Fighters Strike at Heart of Iraq’s Oil Industry, Kill Security Chief

 

Thursday  June 17, 2004

Naseer Al-Nahr, Arab News

BAGHDAD, 17 June 2004 — Fighters struck yesterday at the heart of Iraq’s economic livelihood, blasting a major pipeline, forcing a halt in the country’s critical oil exports and killing the security chief in charge of protecting the nation’s other major export avenue.

A rocket slammed yesterday into a US logistics base near Balad, 80 kilometers north of Baghdad, killing two US soldiers and wounding 26 people, including two civilian employees, the military said.

Elsewhere, Shiite cleric Moqtada Sadr ordered members of his militia to leave the cities of Najaf and Kufa unless they live there, fulfilling a key aspect of an agreement meant to end fighting between his forces and US troops. An explosion about 2 a.m. yesterday damaged a pipeline carrying crude oil from Iraq’s southern fields to the Basra oil terminal in the Gulf, officials said. Iraqi engineers had diverted crude shipments to that pipeline after another was bombed two days ago.

“Due to the damage inflicted on the two pipelines, the pumping of oil to the Basra oil terminal has completely stopped,” Samir Jassim, spokesman of the state-owned Southern Oil Company, said. “Exports have come to a halt.”

Exports were halted last month through Iraq’s other export avenue — the northern pipeline from Kirkuk to Ceyhan, Turkey — after a May 25 bombing, Turkish officials said on condition of anonymity.

Gunmen killed the official in charge of protecting the northern oilfields, Ghazi Talabani, during an ambush yesterday while he was going to work in the city of Kirkuk. Gen. Anwar Amin of the Iraqi Civil Defense Corps said three gunmen attacked Talabani’s car after his bodyguard briefly left the vehicle in a crowded market.

The bodyguard was wounded. Talabani was the third Iraqi official to be killed since Saturday. “What you are seeing here is effectively a terrorist war against Iraq’s critical infrastructure, including the oil infrastructure,” coalition spokesman Dan Senor told CNN. “It is an effort to basically, economically, impoverish the Iraqi people.”

President George W. Bush, in a speech beamed live to US forces around the globe, said democracy was being born in Iraq despite the killing of Iraqi officials and the attacks against pipelines.

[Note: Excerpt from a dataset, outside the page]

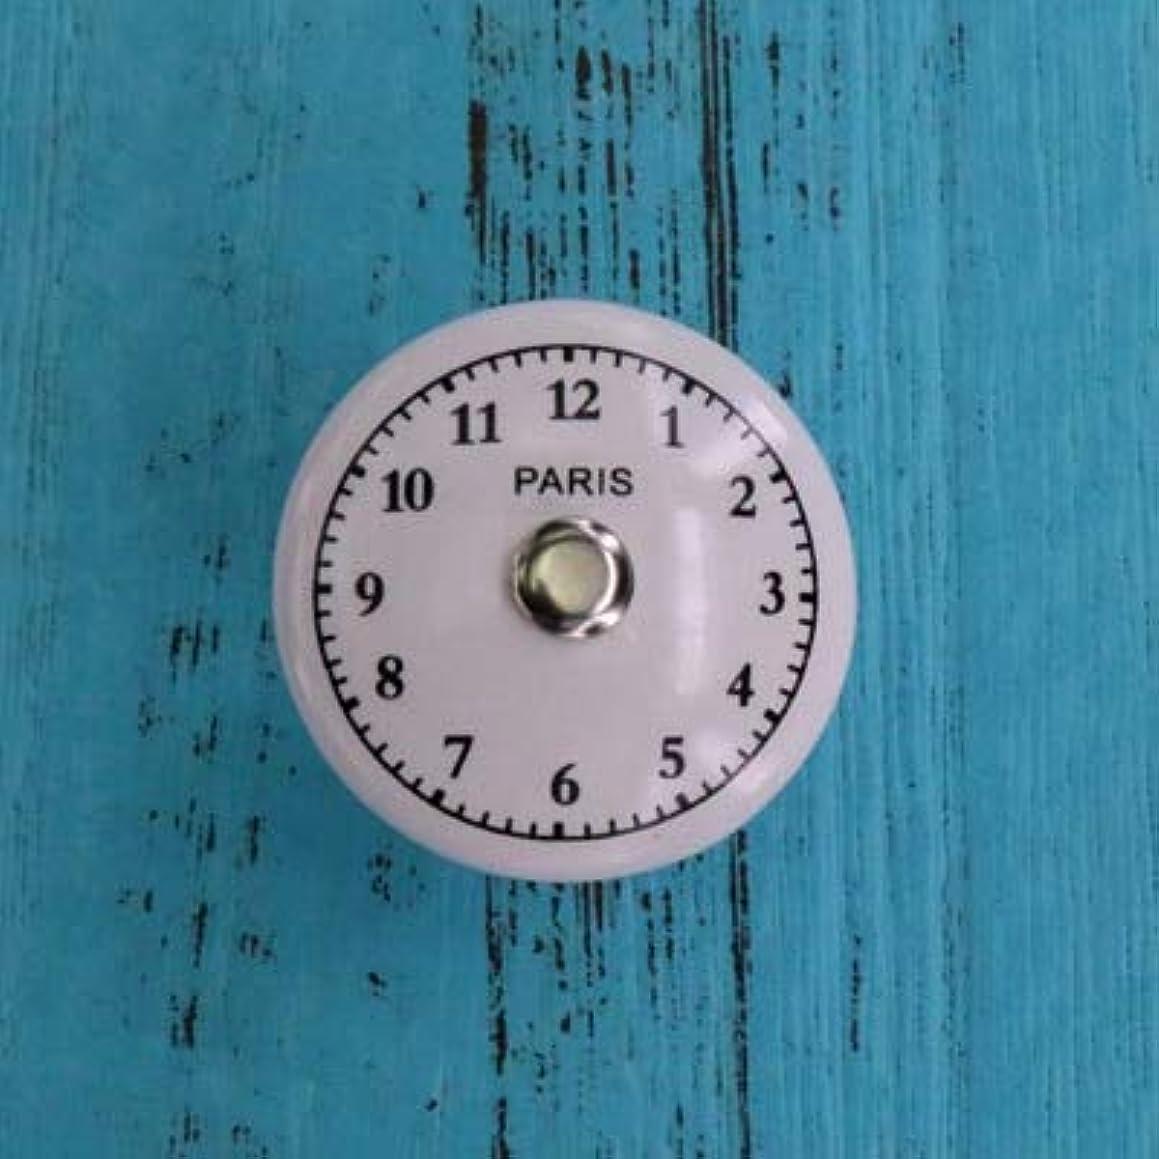 1x Round Dresser Knobs White Ceramic Drawer Pulls for Kids' Room Clock Door Cabinet Handles Funiture Hardware - (Color: B)

“We have come not to conquer, but to liberate people and we will stand with them until their freedom is secure,” Bush told several thousand troops at MacDill Air Force Base, Florida, home of the US Central Command. “By helping the rise of democracy in Iraq and Afghanistan and throughout the world, you are giving people an alternative to bitterness and hatred, and that is essential to the peace of the world.”

Iraqi officials said they hoped to repair the damage to the southern pipelines in a few days, and it was not going to have a substantial effect on world petroleum supplies. Sabotage and decrepit facilities have prevented Iraq from taking a leading role in global oil markets.

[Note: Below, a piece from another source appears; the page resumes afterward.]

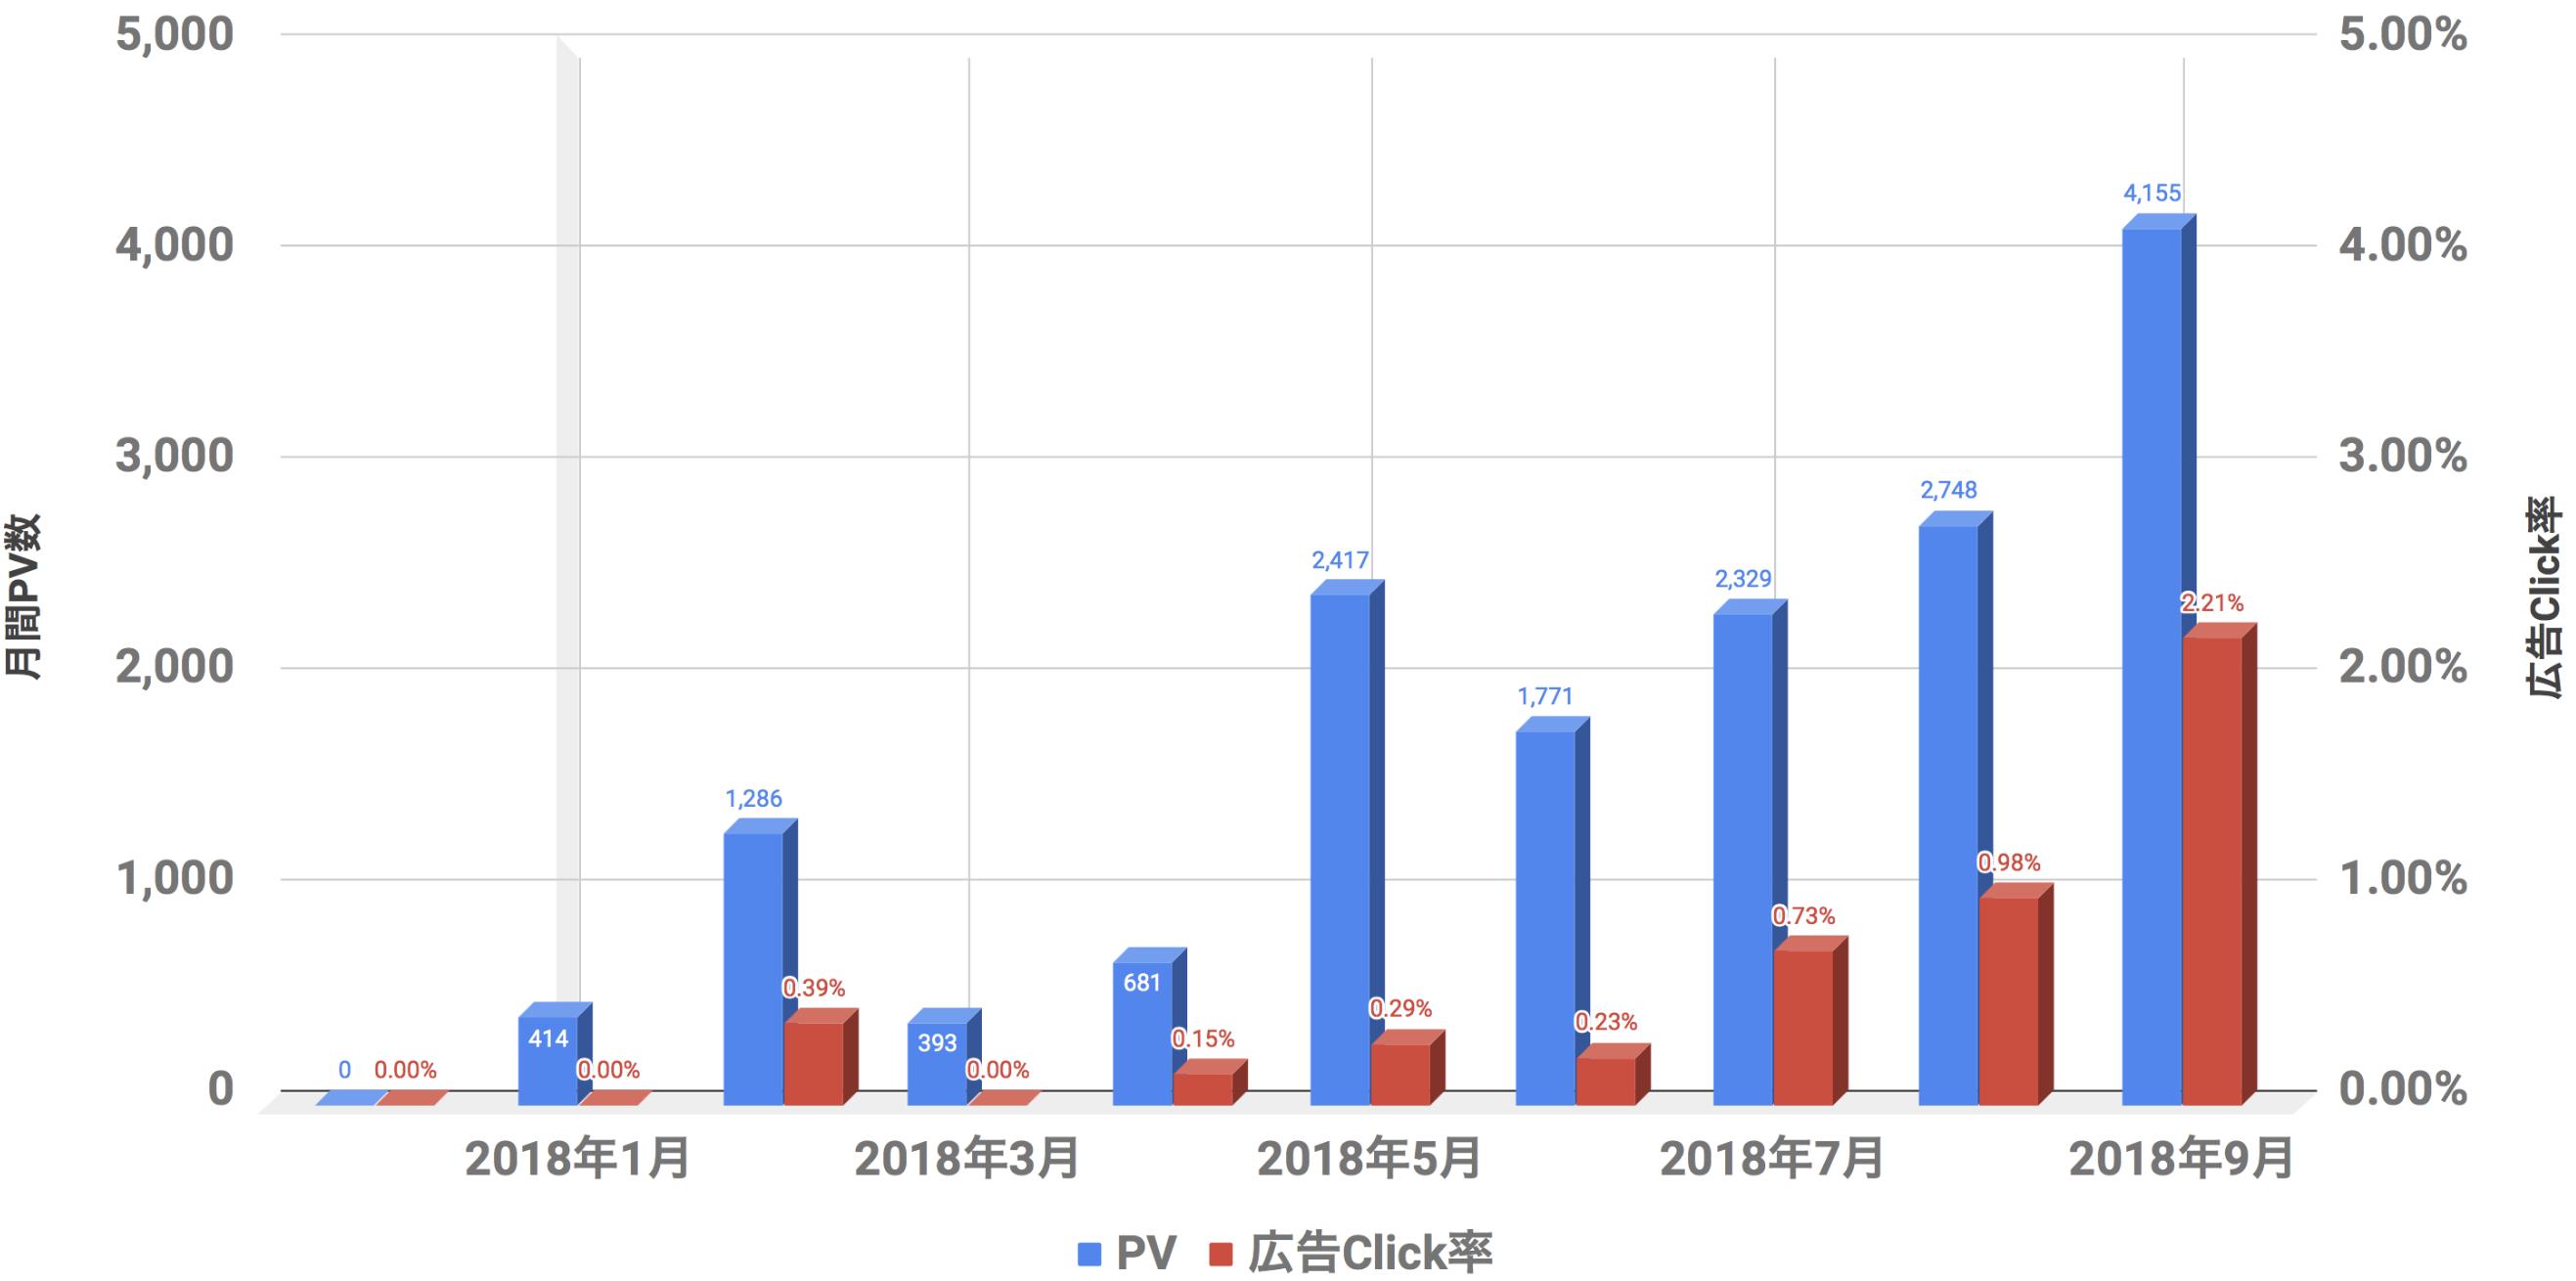 PV,クリック率

However, the economic and psychological effects in Iraq are more far-reaching, coming during an upsurge in violence ahead of the June 30 transfer of sovereignty.

The two southern pipelines together export about 1.7 million barrels a day, according to the Middle East Economic Survey. Each day that the southern lines are closed will cost Iraq about $50 million, said Walid Khadduri, an expert on Iraq’s oil industry.

Fighters have stepped up attacks in recent weeks against Iraqi industrial sites and against technicians who work there to undermine support for the new interim Iraqi government that takes power at the end of the week.

The attacks occurred as the US Deputy Defense Secretary Paul Wolfowitz, one of the architects of the Iraq conflict, began talks with an interim Iraqi leadership eager to display its independence at a time when America’s image here is low.

Wolfowitz met yesterday with interim Prime Minister Iyad Allawi and others. Afterward, the coalition said the talks were “just the beginning of a new relationship between the government of Iraq and the members of the coalition.”